Birthplace marks the Duke’s 100th
WINTERSET, IOWA — Marion Morrison was just 4 years old the last time he lived in Winterset, but this picturesque community plans a rousing celebration this weekend for what would have been his 100th birthday.
A nation of moviegoers came to know Morrison as John Wayne. To the townspeople here, the Duke’s on-screen all-American ethos reflects Winterset’s wholesome, small-town feel.
“I think we’ve embraced it, his legacy,” said Kathy Norman, who owns a downtown coffee shop. “This is a nice place. A very welcoming place. John Wayne, he sort of shares the values of the town, I guess.”
Thousands are expected to pour into town for the festivities and to see the tiny white clapboard house where the Hollywood legend was born on May 26, 1907. Centennial organizers have received RSVPs from as far away as Norway and Denmark.

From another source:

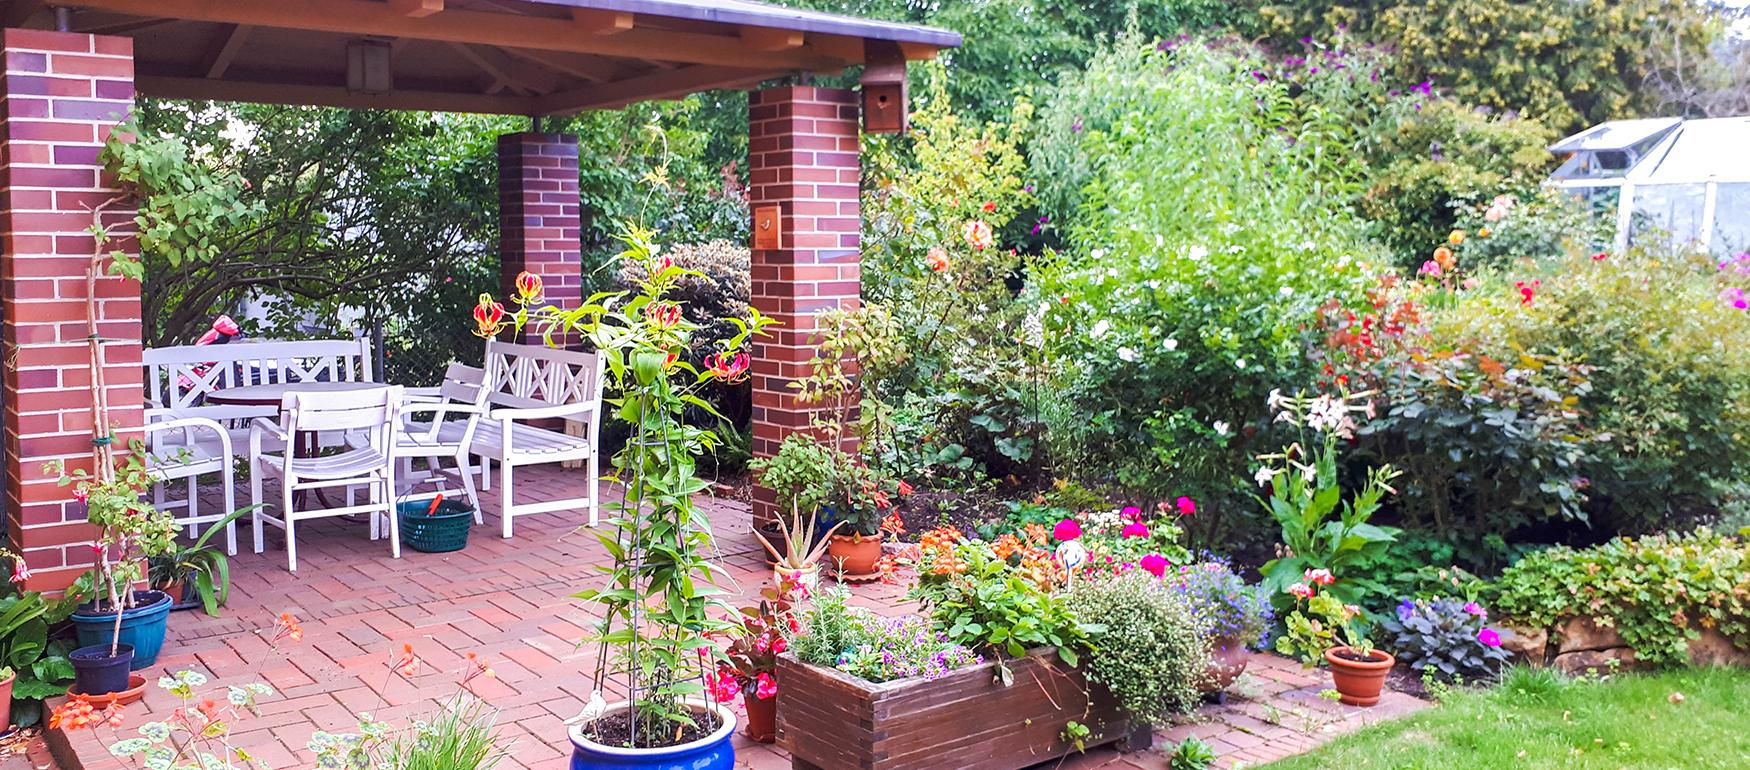 Gartenidylle genießen

Winterset is planning a celebration befitting the celebrity cowboy’s larger-than-life persona.
The celebration began Friday in the town square movie theater with free showings of “True Grit,” for which Wayne won an Academy Award in 1969, and “Stagecoach,” the 1939 John Ford western said to have made Wayne a major movie star.
Among the planned events:
* A groundbreaking for the John Wayne Birthplace Museum and Learning Center. Wayne’s son Ethan made arrangements to climb aboard a backhoe to help knock down an abandoned gas station to make way for the new museum. The Wayne family also plans to dedicate its gift of a statue of the Duke at the groundbreaking.
* Appearances by at least three of Wayne’s former co-stars: Dean Smith, Edward Faulkner and Gregg Palmer. The actors appeared with Wayne in such movies as “Rio Bravo,” “Chisum” and “The Green Berets.”
* Demonstrations by trick riders and a rodeo drill team.
Although he died nearly 28 years ago at age 72, Wayne still fascinates many people, said David Trask, chairman of the John Wayne Birthplace Society.
“John Wayne was an American icon,” he said. “I believe he characterizes that more than anyone or anything.”
Trask is leading an effort to build an 8,500-square-foot, $5.5-million museum dedicated to Wayne.
The number of events and Wayne’s popularity have local officials girding for as many as 30,000 visitors throughout the Memorial Day weekend.
“People really love John Wayne,” said resident Jere Busenbarrick, who came to appreciate the devotion of Wayne fans through an encounter with an Australian hitchhiker on a central Iowa road.
“This guy, he’d come over here -- broken off from his tour -- just to visit,” Busenbarrick recalled. “Turns out he was the president of the John Wayne fan club in Melbourne, Australia. He took the Amtrak out here from San Francisco.”